GNOME Bugzilla – Bug 683473
Wait for box saving completion before exiting
Last modified: 2016-03-31 14:03:08 UTC
The way we save running boxes when exiting Boxes is racy as we start an async save of the VMs and then we complete the exit process without making sure the various saves have completed. It has happened a few times to be that after exiting Boxes with running VMs, some of them are still up instead of being saved after I restart Boxes.
Created attachment 223617 [details] [review] Wait for box saving completion before exiting
Review of attachment 223617 [details] [review]: what happens when you start gnome-boxes again while it is saving VMs? does it reopen the window/application?
Review of attachment 223617 [details] [review]: Hmm, segfault, I guess that's not the answer you want ;)
Maybe we should let the GApplication go and hold on to the process some other way, rather than deal with the complexities of reviving the GApp.
Created attachment 223769 [details] [review] Wait until all machines are suspended We need to wait until all suspend() calls are finished to be sure that the call went through.

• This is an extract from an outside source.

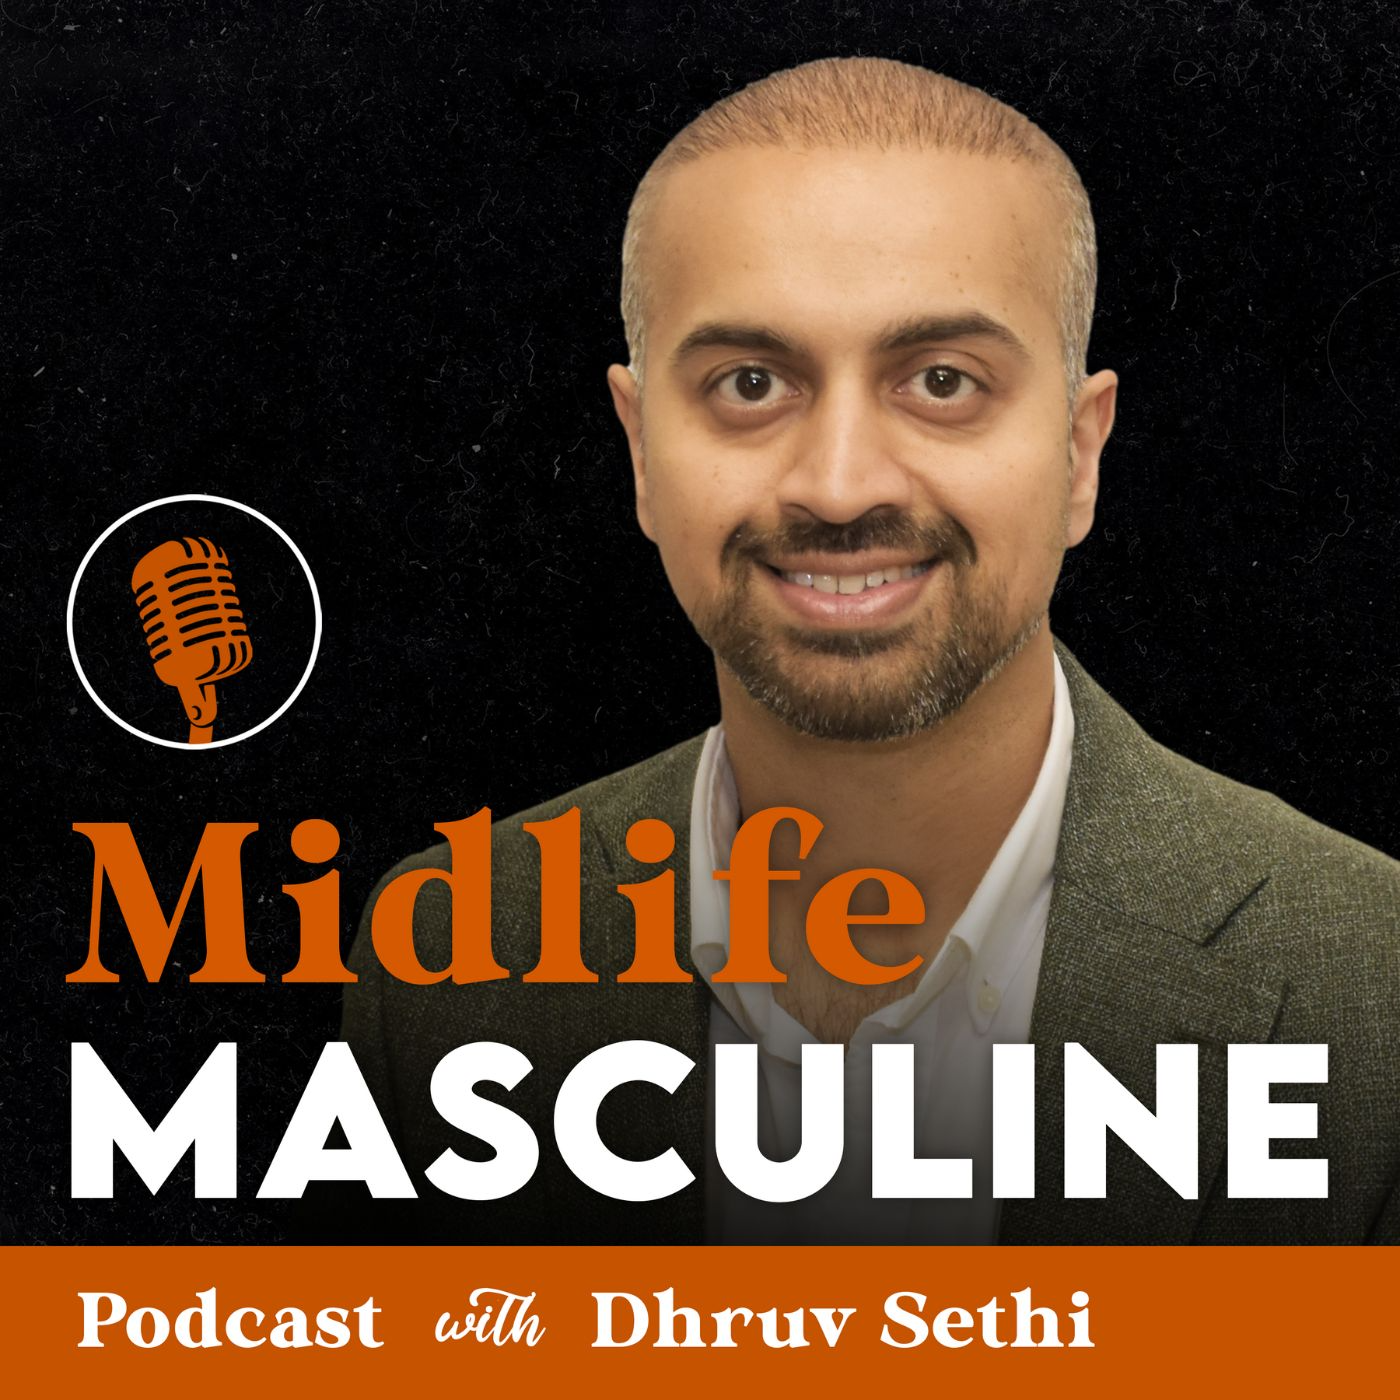 Midlife Masculine Podcast

We shouldn't hold the app though, so it needs to be done in a seperate loop when the program exits.
Review of attachment 223769 [details] [review]: Ah great, thanks for taking over this patch, looks good! ::: src/app.vala @@ +566,3 @@ + public async void suspend_machines () { + var waiting_counter = 0; Can you add a debug ("suspending all machines"); message? @@ +578,3 @@ + while (waiting_counter > 0) { + yield; Are we 100% sure yield; will only wait for the async methods started by this method, ie the .suspend.begin () calls? ::: src/main.vala @@ +138,3 @@ + return false; + }); + loop.run (); maybe it would be slightly better to hook that clean-up on the Application::shutdown signal which seems to be meant for that purpose?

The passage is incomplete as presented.